Lower costs have been reported in patients who switched to a bDMARD with a different mechanism of action [28]. Another study reported higher direct costs but lower indirect costs in patients who switched from a first-line TNFi to a bDMARD with a different mechanism of action than in those who switched to another TNFi [33]. For patients weighing < 100 kg, tocilizumab SC is initiated q2w, followed by an increase to qw based on clinical response; for patients weighing > 100 kg, SC tocilizumab is initiated qw [34]. In the present study, 33% of patients increased tocilizumab dosing from q2w to qw. These results are consistent with a long-term study of SC tocilizumab which showed that 23% of patients who initiated SC TCZ q2w injections switched to qw within 2 years; in the patients who switched to qw dosing, improvements in ACR response and DAS28 remission were achieved [22]. The flexibility to increase dosing based on clinical response may contribute to the longer persistence observed with tocilizumab.

Limitations

The results of this analysis may not be generalizable to all patients with RA, including those who do not have health insurance. Drug samples provided to the patient by their doctor and prescriptions filled in situations where the patient does not use their prescription drug coverage are not captured in the pharmacy claims data in the MarketScan databases. Finally, a substantial proportion of tocilizumab use (45.8%) was as a second-line bDMARD, but some patients also received tocilizumab as a third-line (33.3%) or subsequent-line bDMARD. Thus, one should also consider the possibility that persistence was longer in this group of patients because fewer options for subsequent therapies were available to them.
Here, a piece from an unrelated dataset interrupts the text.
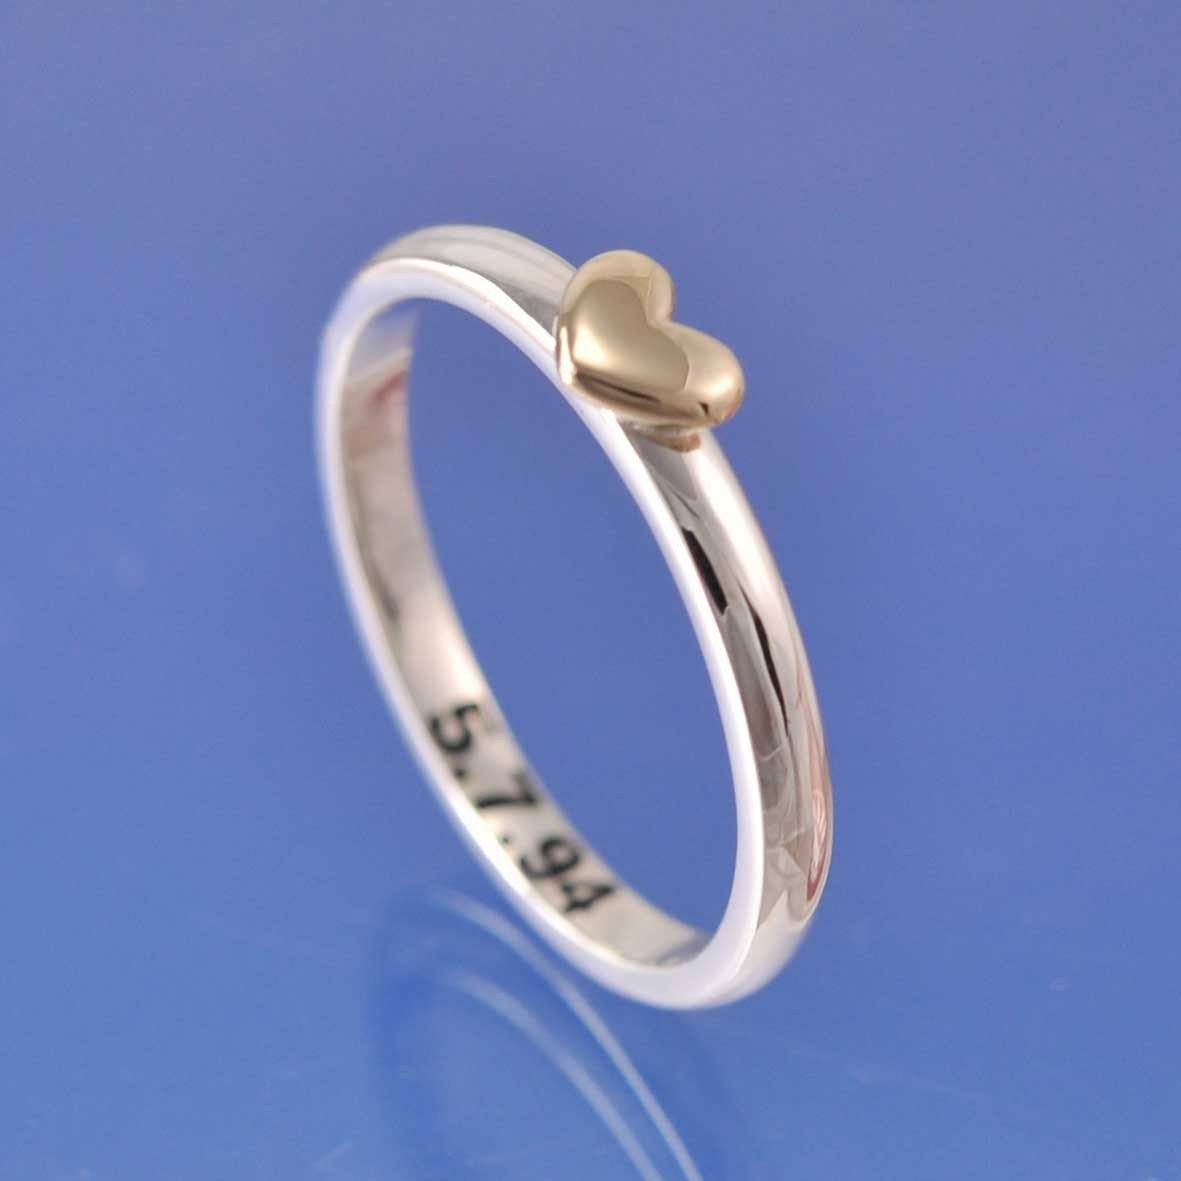 Bulbous Heart Personalised Ring Ring by Chris Parry Jewellery

However, the analysis was adjusted for line of therapy, and an increasing number of biologic therapies are available for patients, so we do not believe that this had an effect on persistence.

Despite the abovementioned limitations, this study involving a large number of second- or subsequent-line SC bDMARD episodes in patients with RA across the United States provides valuable real-world information and adds to the existing data on persistence with bDMARDs.

Conclusions

Among patients with RA who previously received ≥ 1 other bDMARD, those who received tocilizumab exhibited similar or significantly better persistence than those receiving other bDMARDs.

Why carry out this study?

In patients with rheumatoid arthritis (RA) who have an inadequate response to or intolerance of their first biologic disease-modifying antirheumatic drug (bDMARD), current guidelines recommend switching to a different biologic class.

The objective of this study was to compare persistence with subcutaneous (SC) tocilizumab to persistence with other SC bDMARDs when these drugs are used as subsequent-line therapy in RA patients who previously received first-line bDMARD(s).

What was learned from this study?

Among patients with RA who previously received ≥ 1 bDMARD, tocilizumab-treated patients exhibited similar or significantly better biologic persistence than those receiving other bDMARDs.

This study, which involved a large number of second- or subsequent-line SC bDMARD episodes in patients with RA across the United States, provides valuable real-world information and adds to existing data on persistence with bDMARDs.